SUPPLIED MATERIAL »
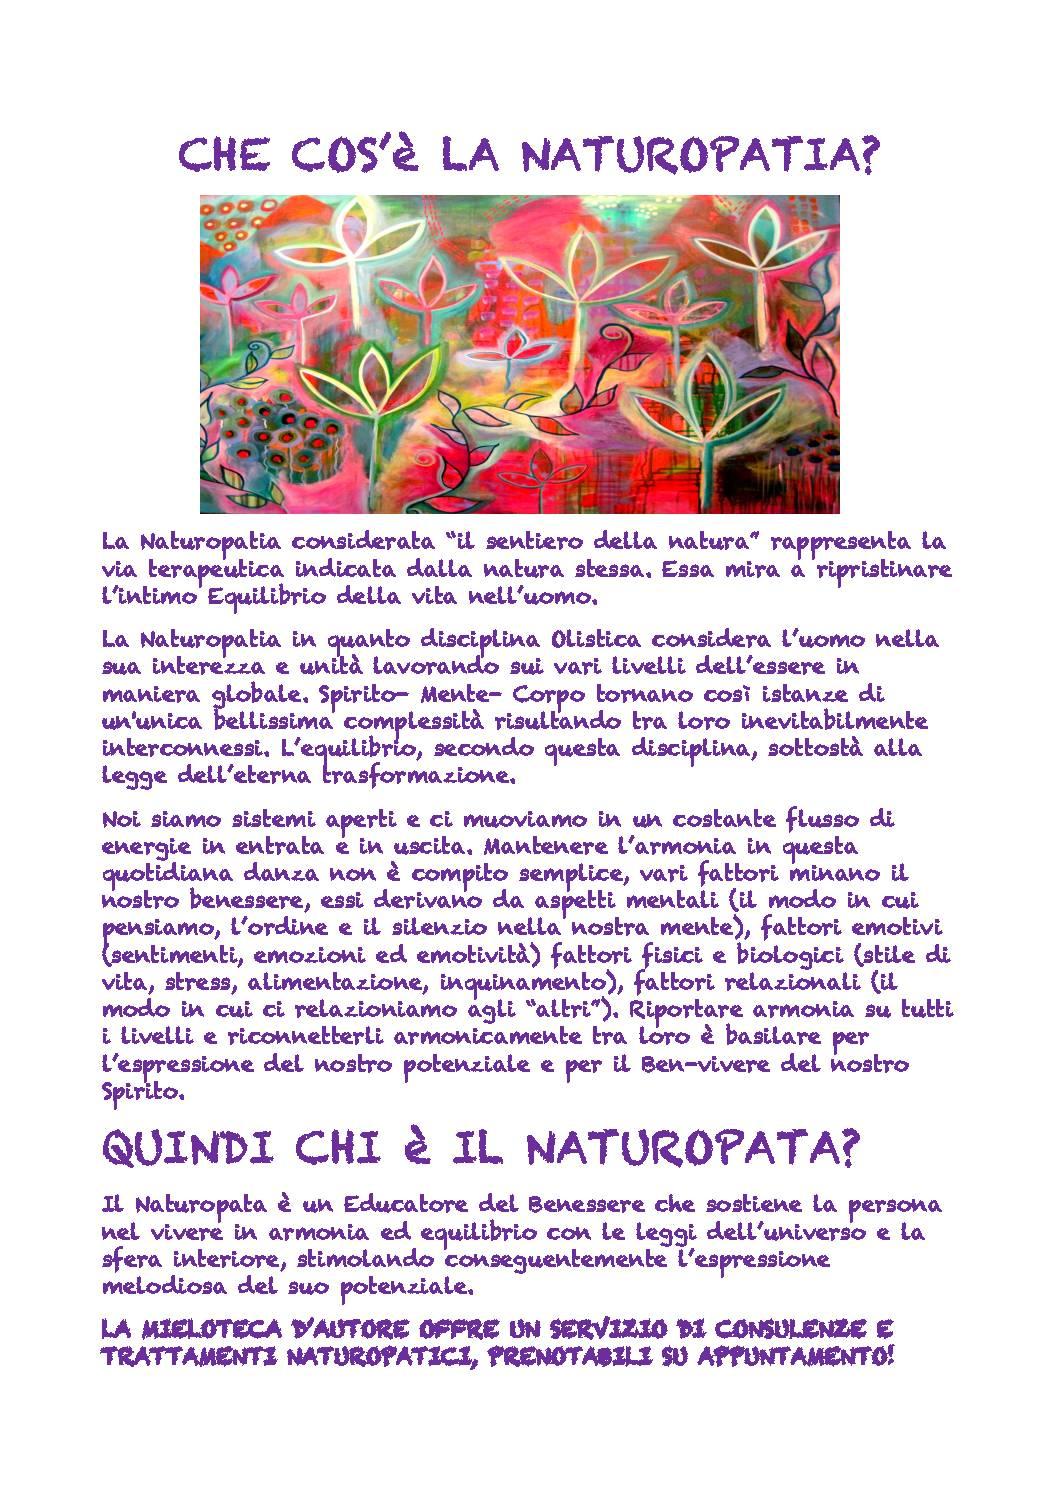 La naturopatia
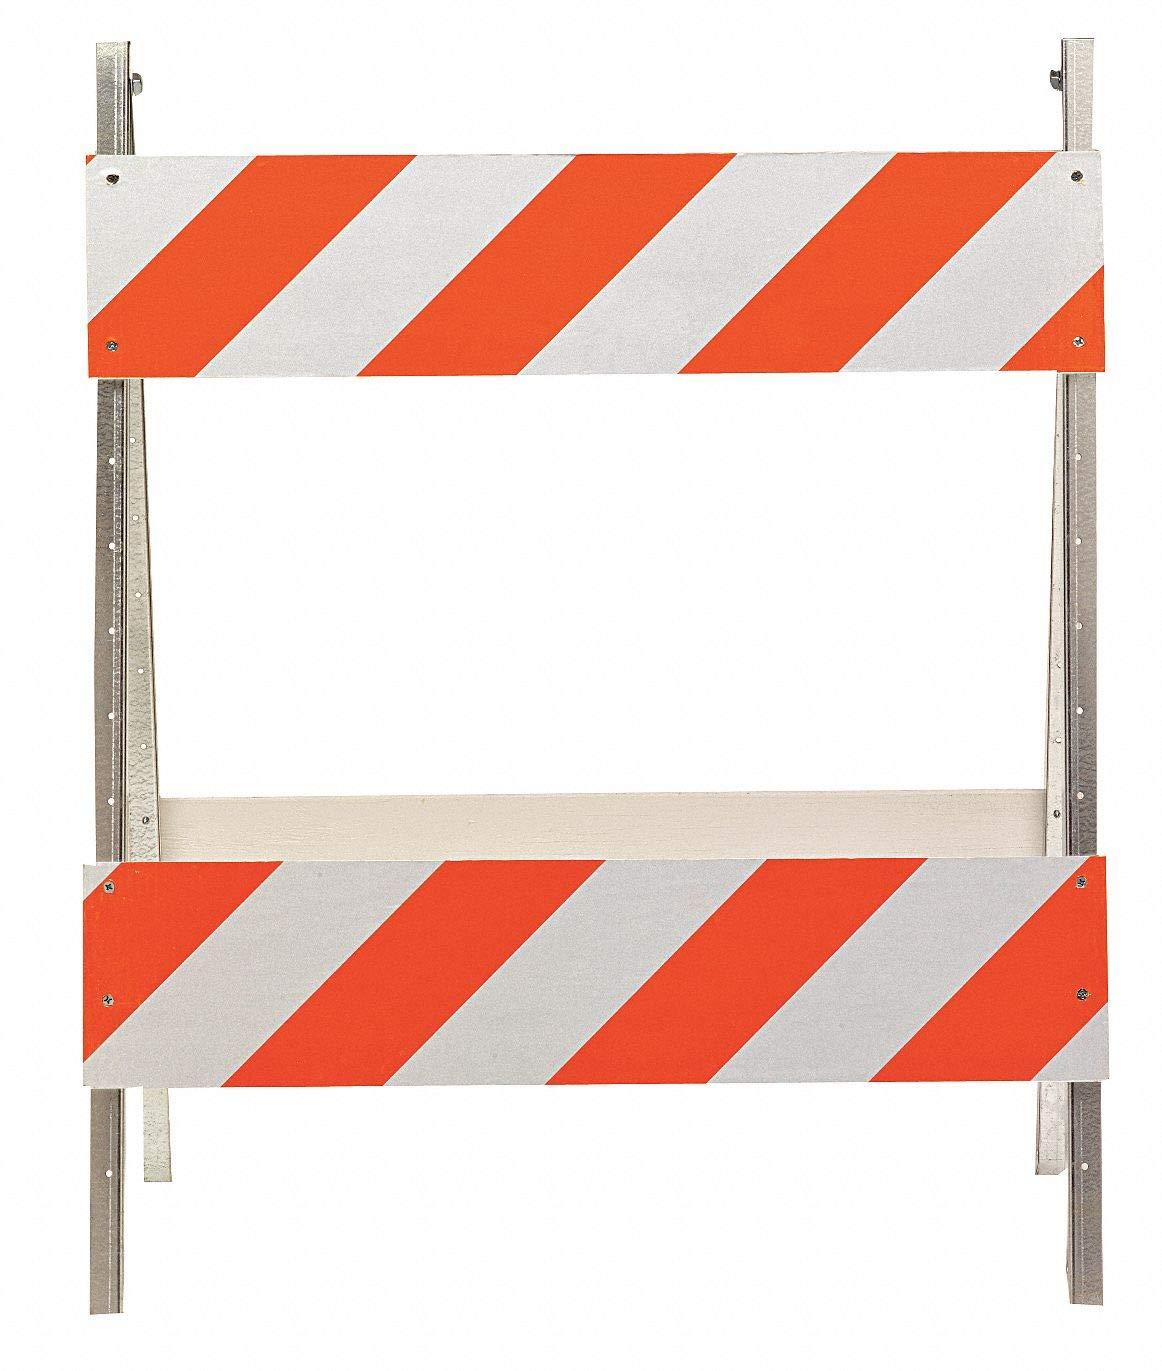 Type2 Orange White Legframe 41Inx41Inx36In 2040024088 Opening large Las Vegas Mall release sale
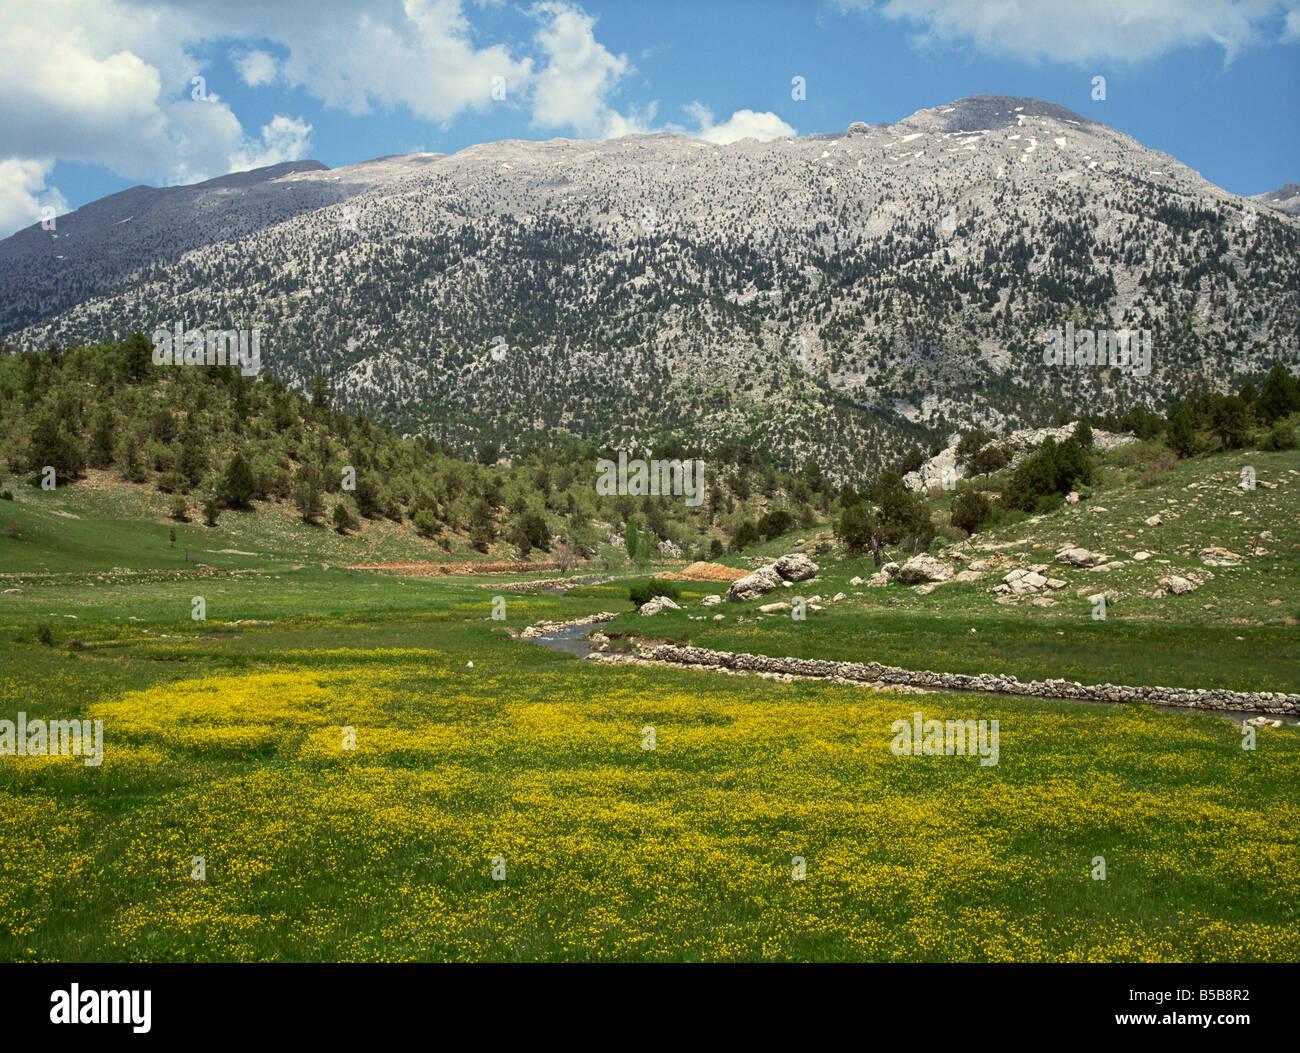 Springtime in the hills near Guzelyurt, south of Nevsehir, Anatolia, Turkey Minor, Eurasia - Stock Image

WHAT YOU SHOULD DO »
Retype the whole of the data verbatim. Skip every picture.

TASK OUTPUT »
 La naturopatia
 Type2 Orange White Legframe 41Inx41Inx36In 2040024088 Opening large Las Vegas Mall release sale
 Springtime in the hills near Guzelyurt, south of Nevsehir, Anatolia, Turkey Minor, Eurasia - Stock Image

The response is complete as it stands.